AVAILABLE DATA:

========================================

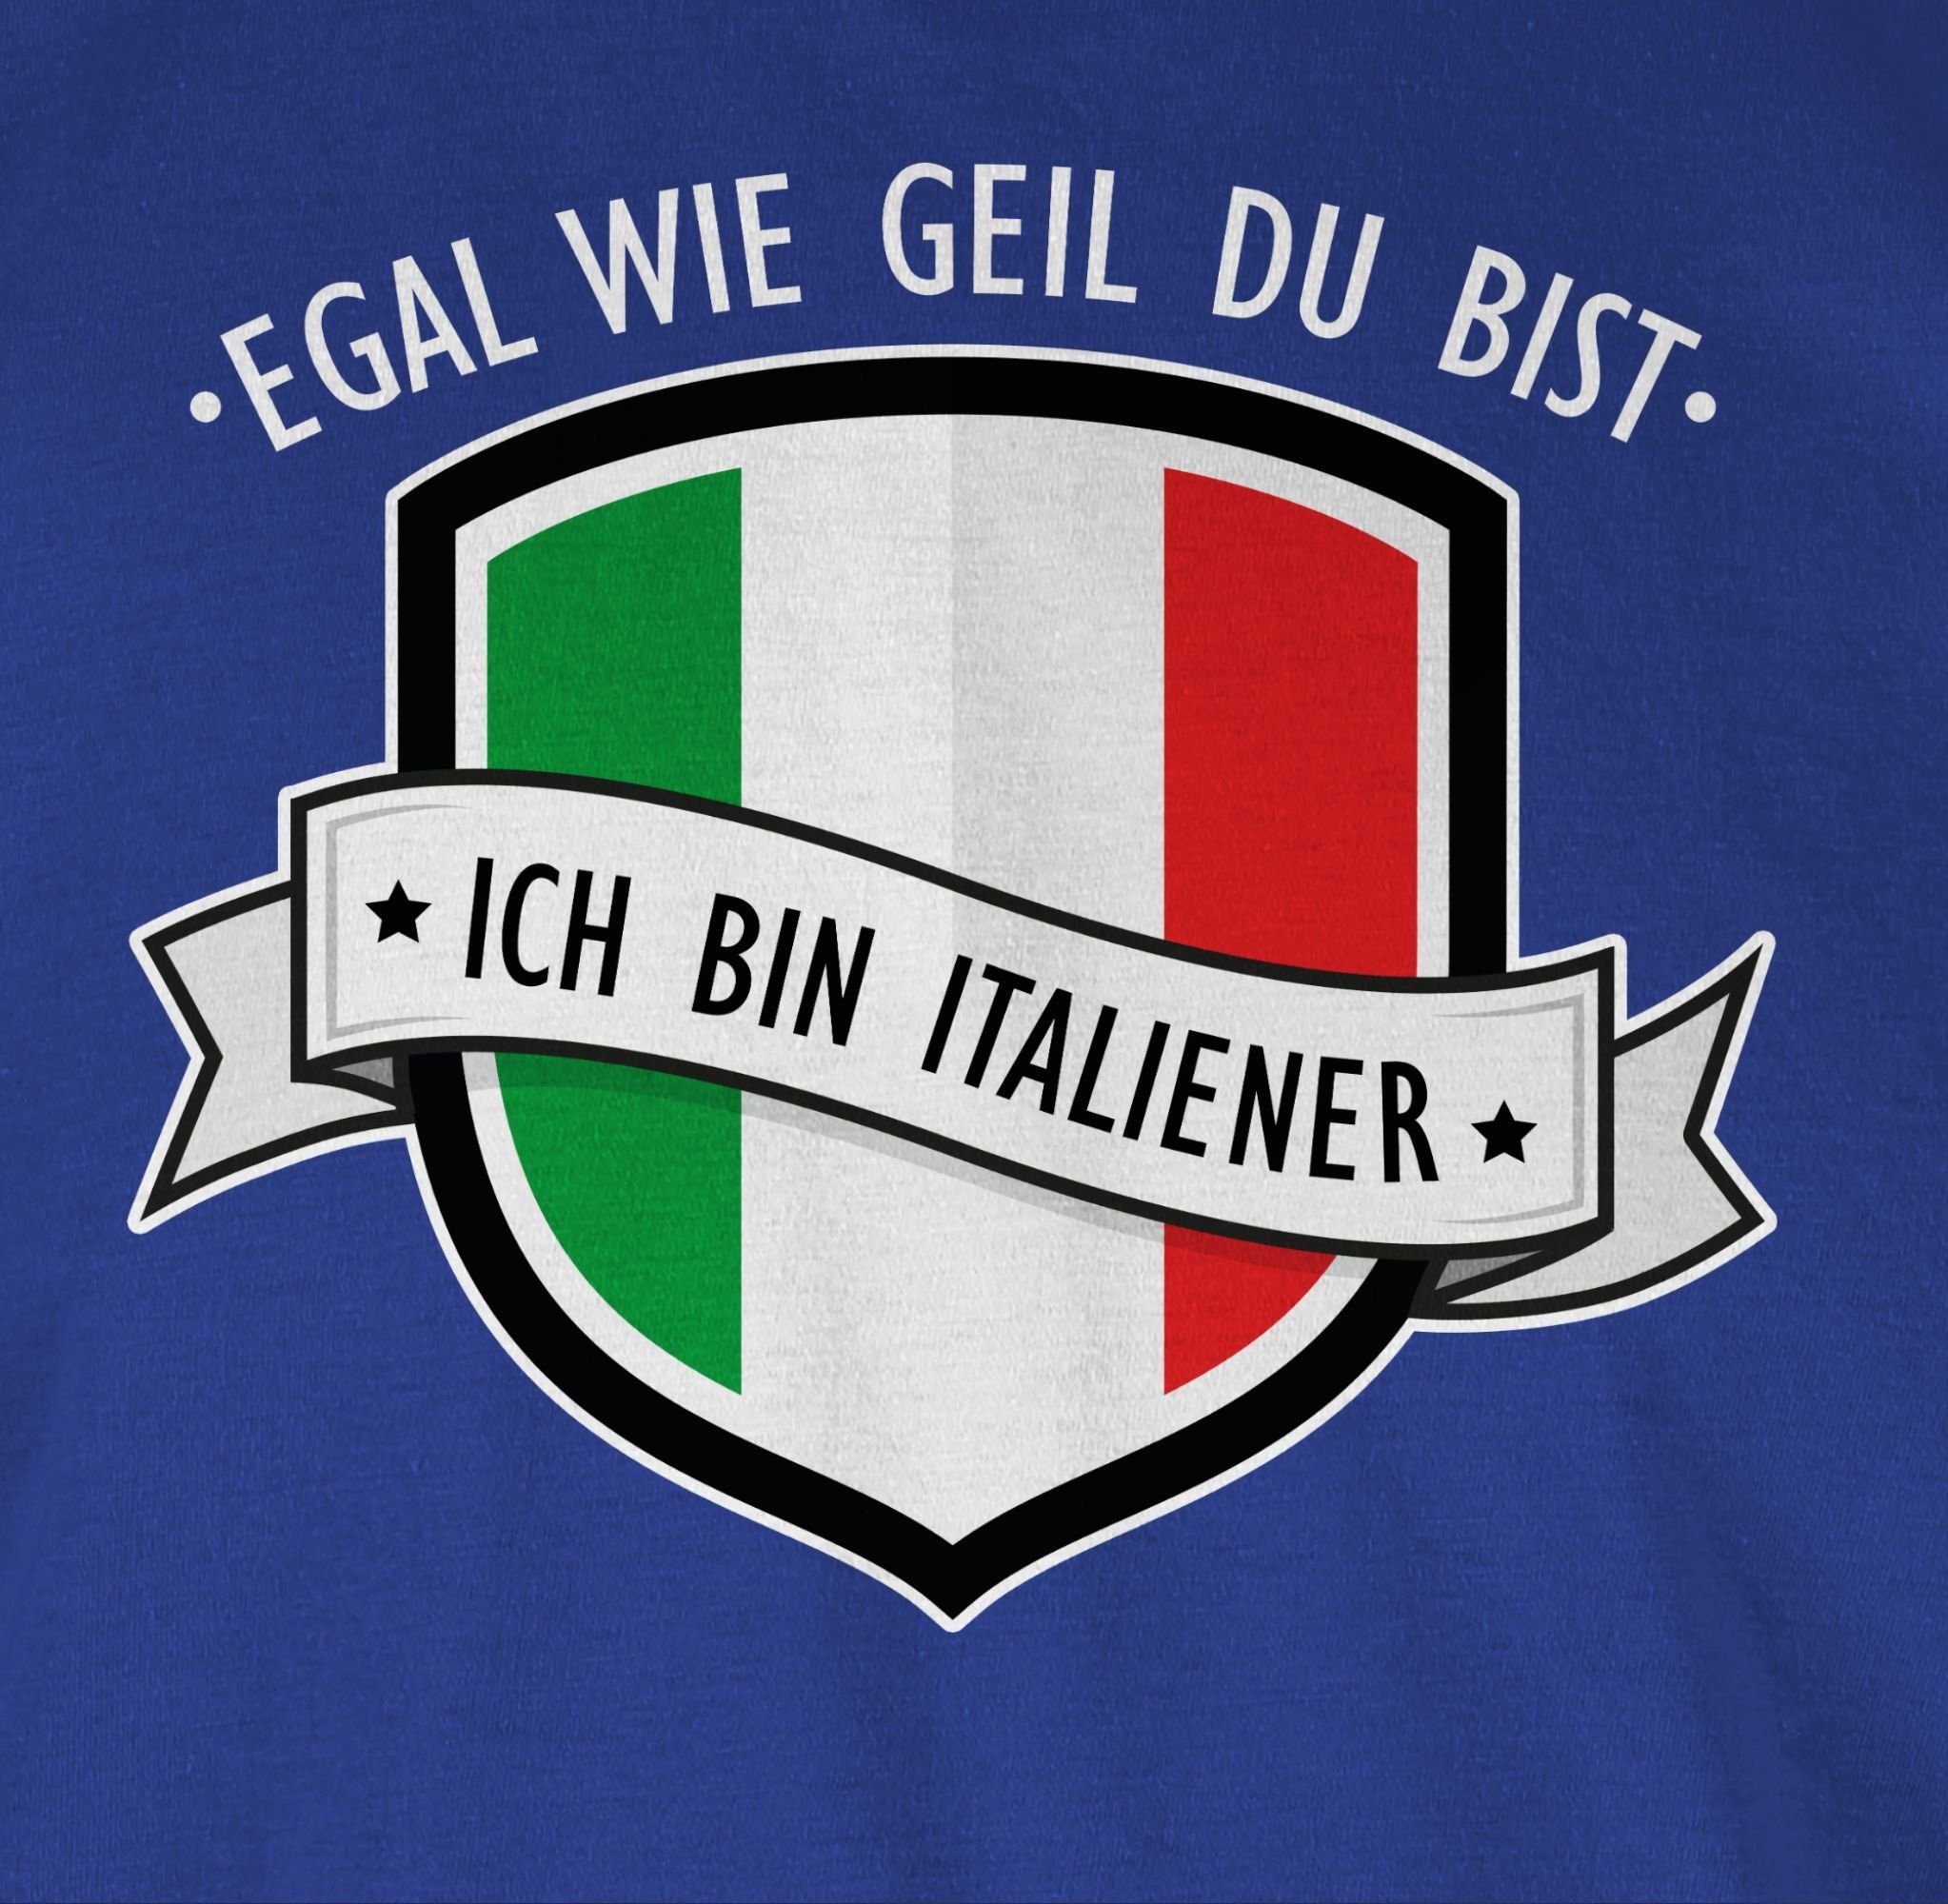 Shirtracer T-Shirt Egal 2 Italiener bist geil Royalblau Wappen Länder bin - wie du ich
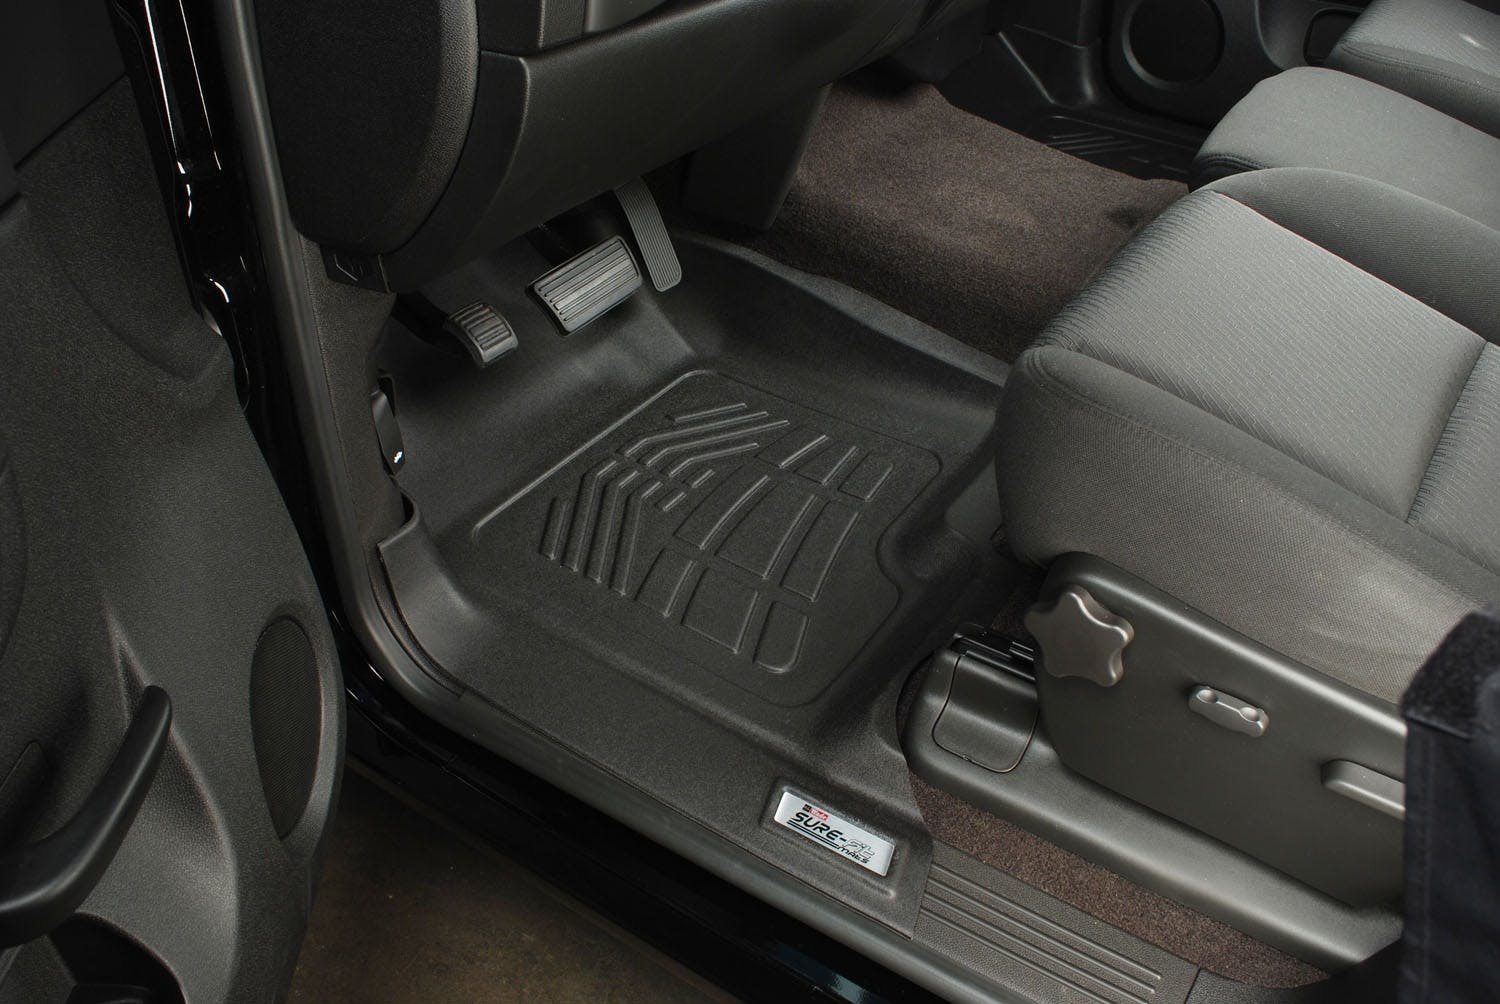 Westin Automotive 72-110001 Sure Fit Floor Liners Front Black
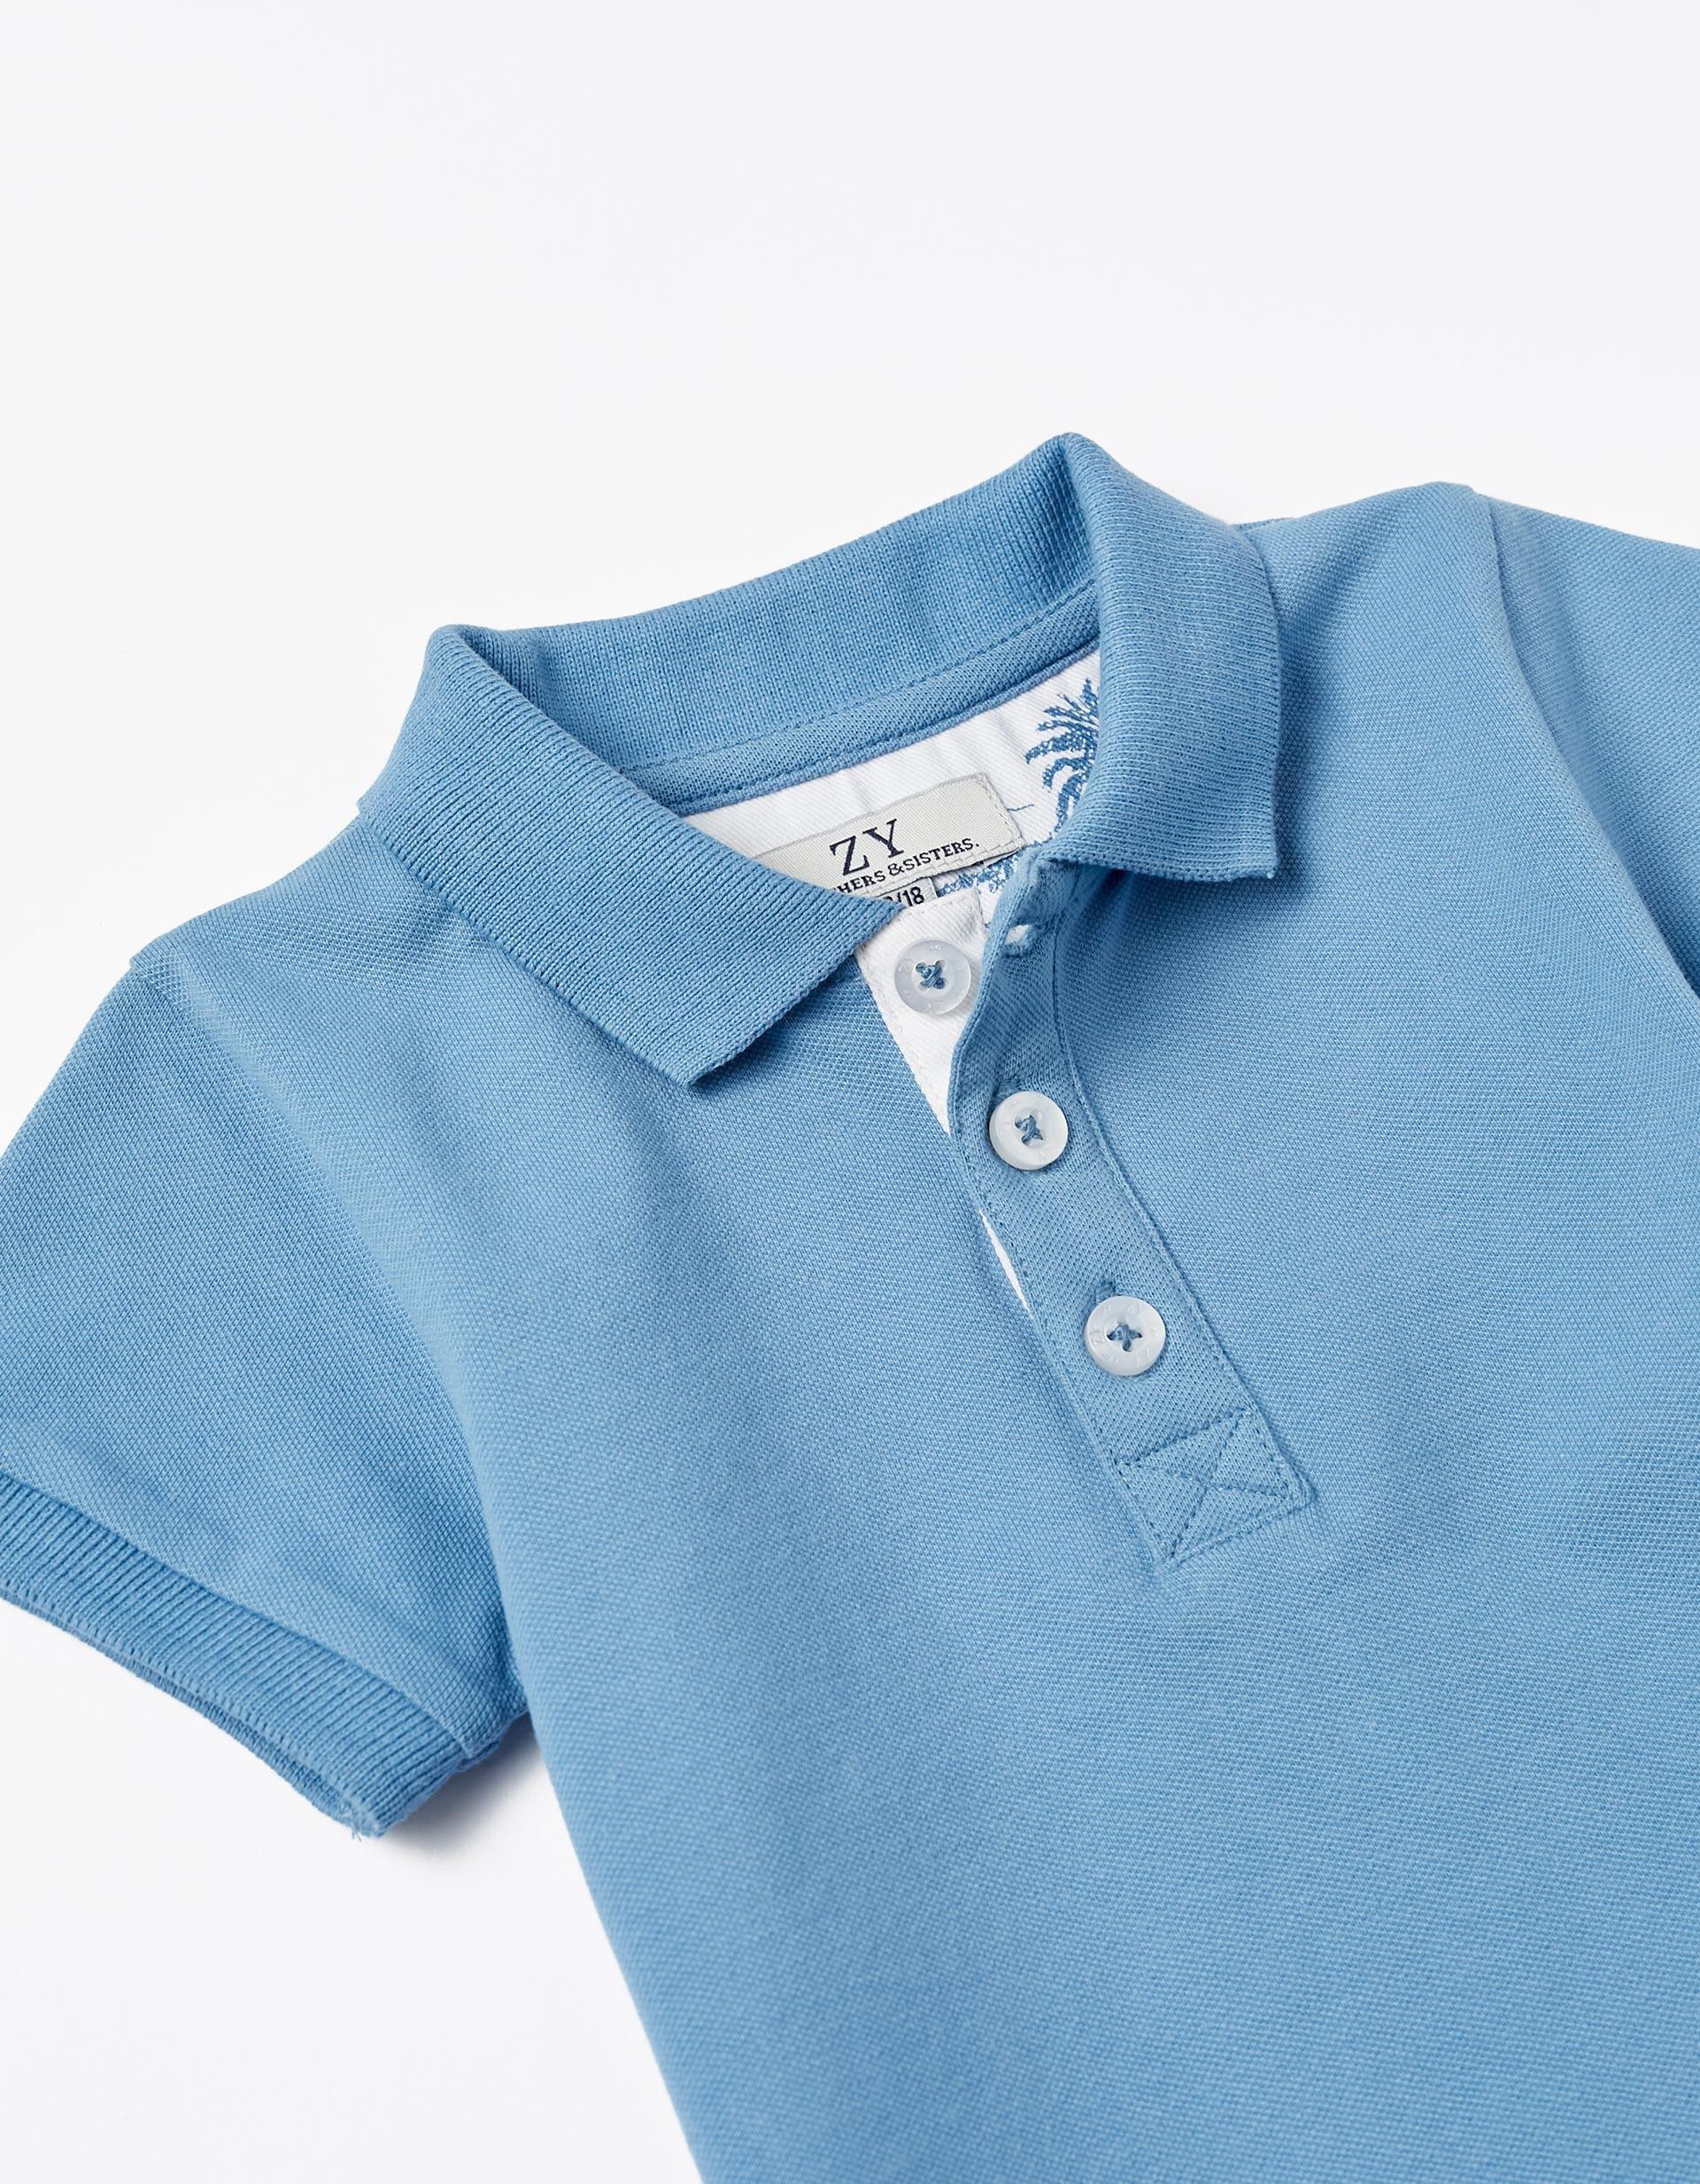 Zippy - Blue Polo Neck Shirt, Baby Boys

========================================

DIRECTIONS: The line containing "Westin Automotive 72-110001" and every line after it, up to the last line of the data, should be returned exactly, without the pictures.

FINAL ANSWER:
 Westin Automotive 72-110001 Sure Fit Floor Liners Front Black
 Zippy - Blue Polo Neck Shirt, Baby Boys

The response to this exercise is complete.